Only the pictures are dropped. Restate each line below word for word.

- Information supplied -
____

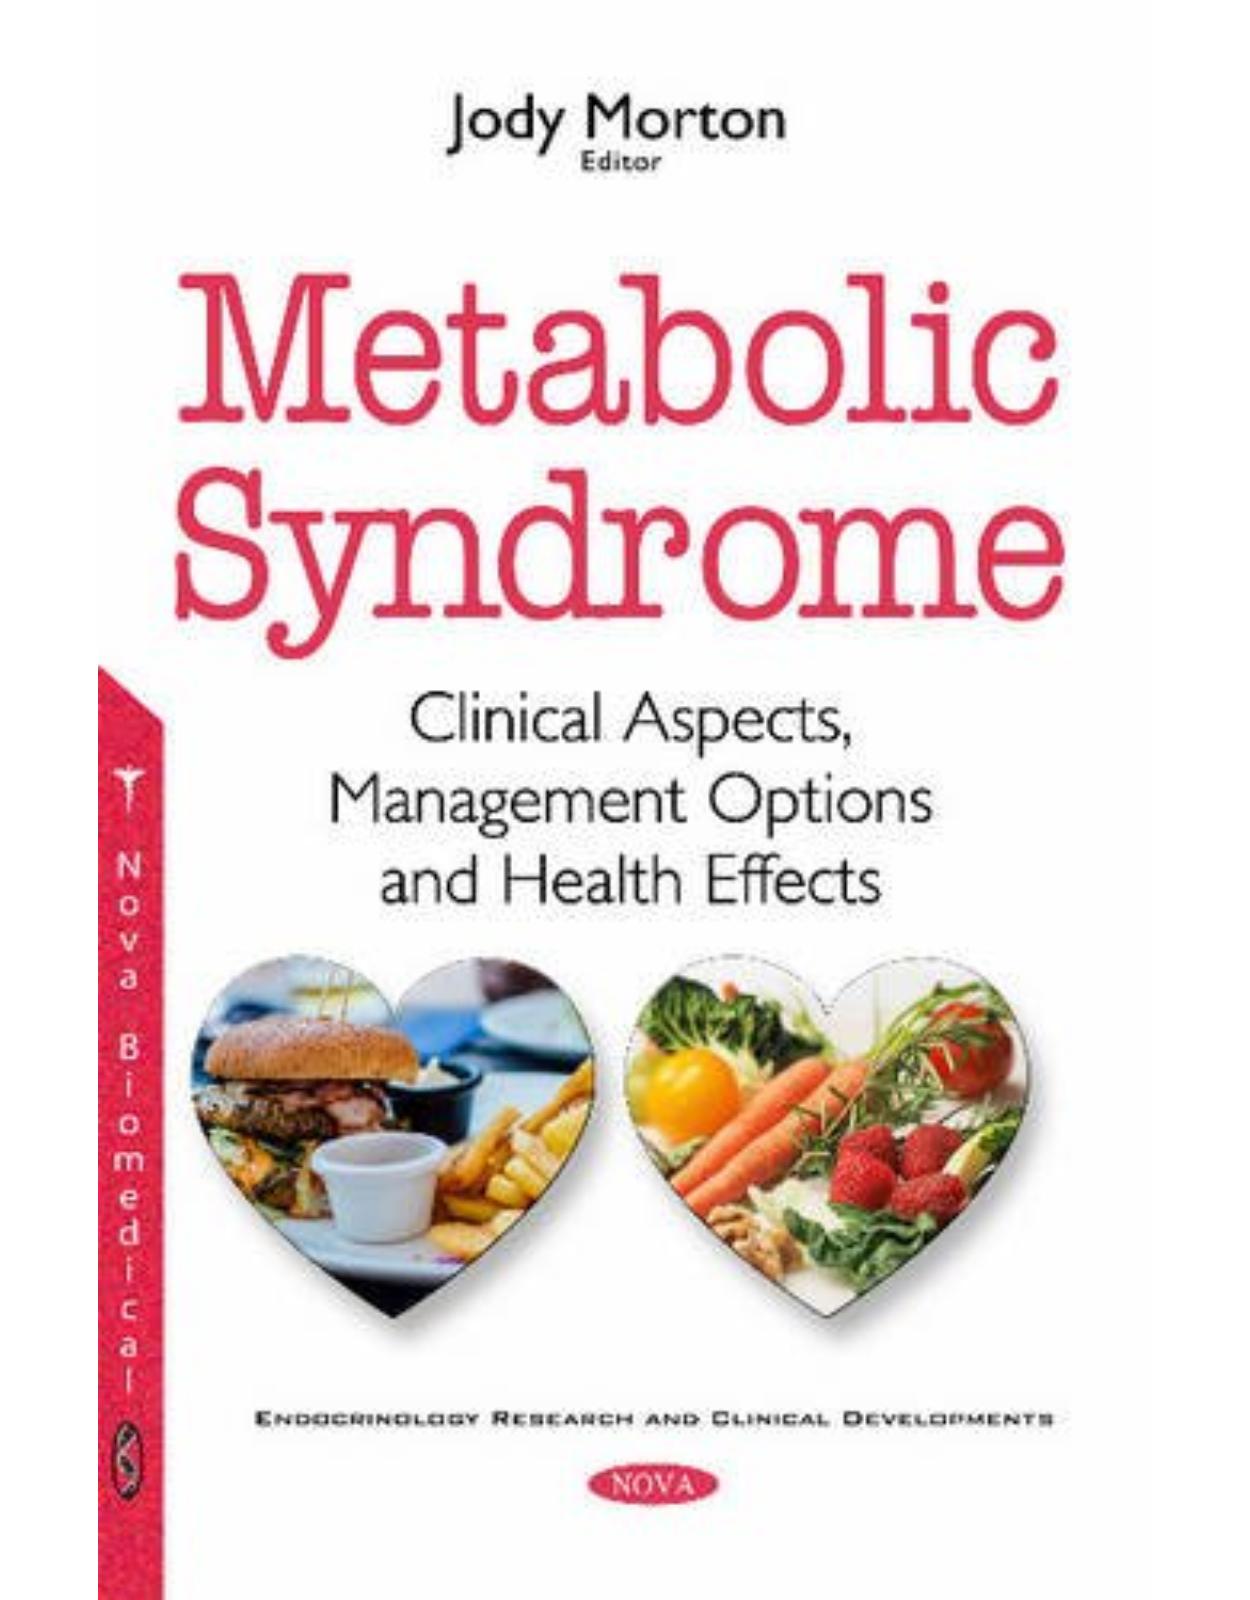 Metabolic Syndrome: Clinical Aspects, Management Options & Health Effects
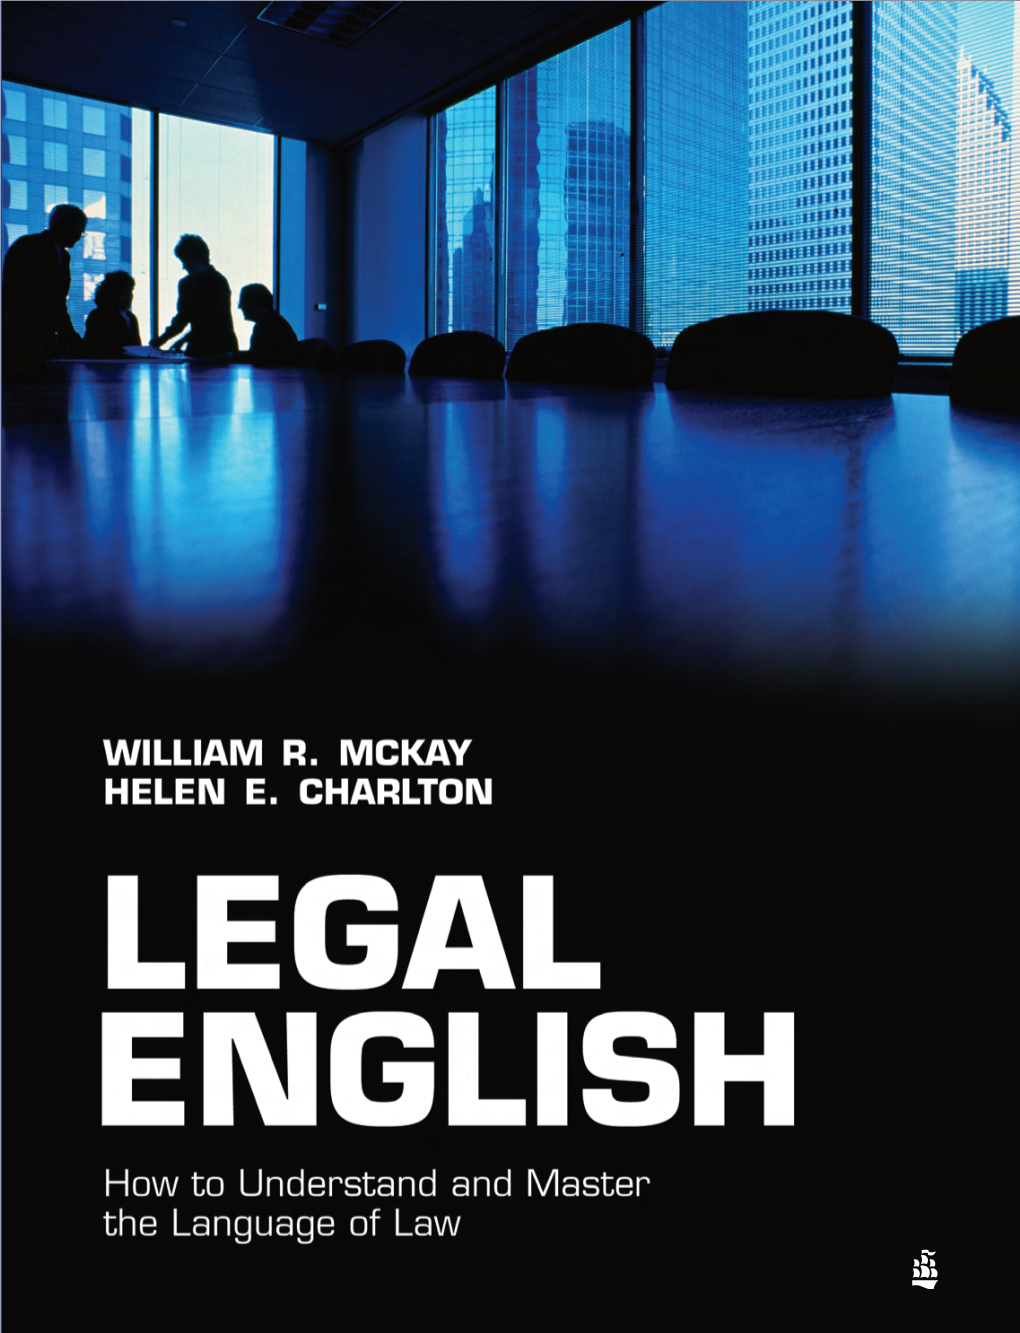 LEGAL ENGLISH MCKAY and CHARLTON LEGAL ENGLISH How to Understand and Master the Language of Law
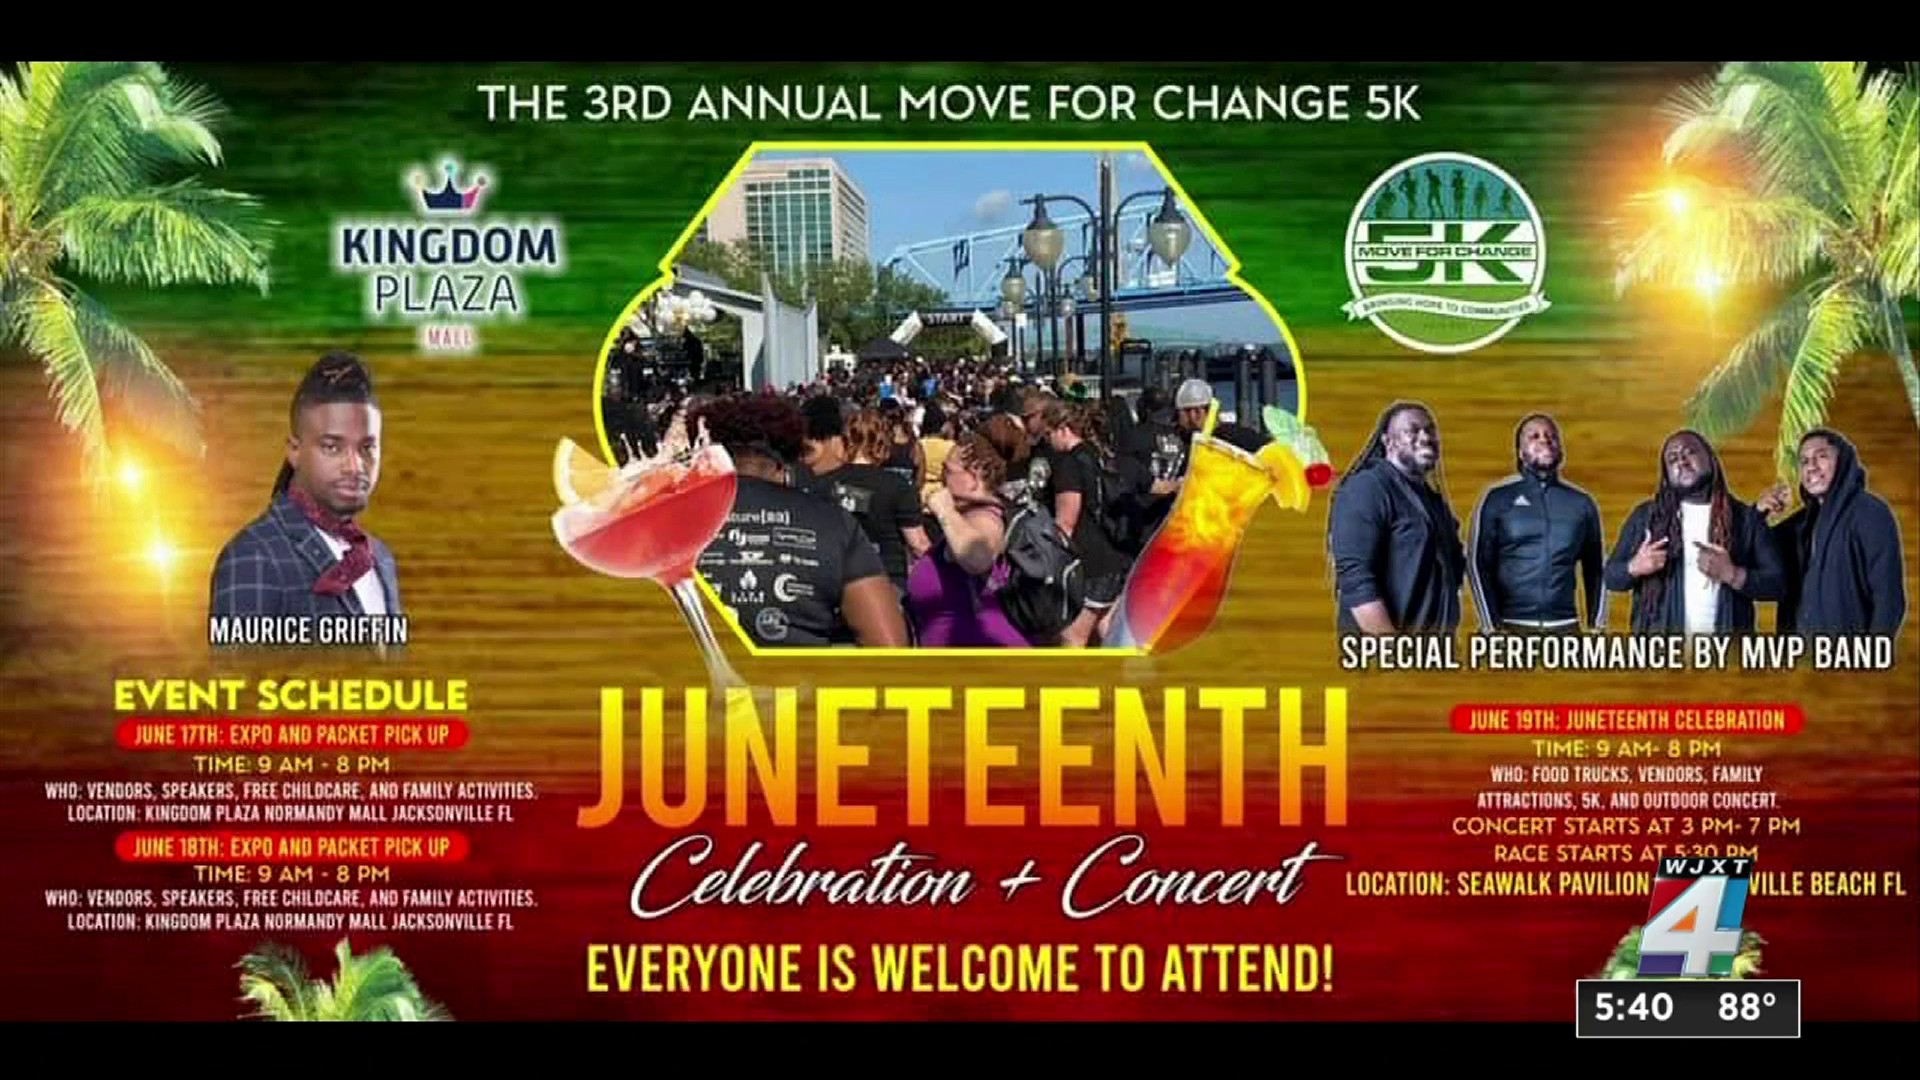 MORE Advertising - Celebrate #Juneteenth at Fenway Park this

____

- Answer for this exercise -
 Metabolic Syndrome: Clinical Aspects, Management Options & Health Effects
 LEGAL ENGLISH MCKAY and CHARLTON LEGAL ENGLISH How to Understand and Master the Language of Law
 MORE Advertising - Celebrate #Juneteenth at Fenway Park this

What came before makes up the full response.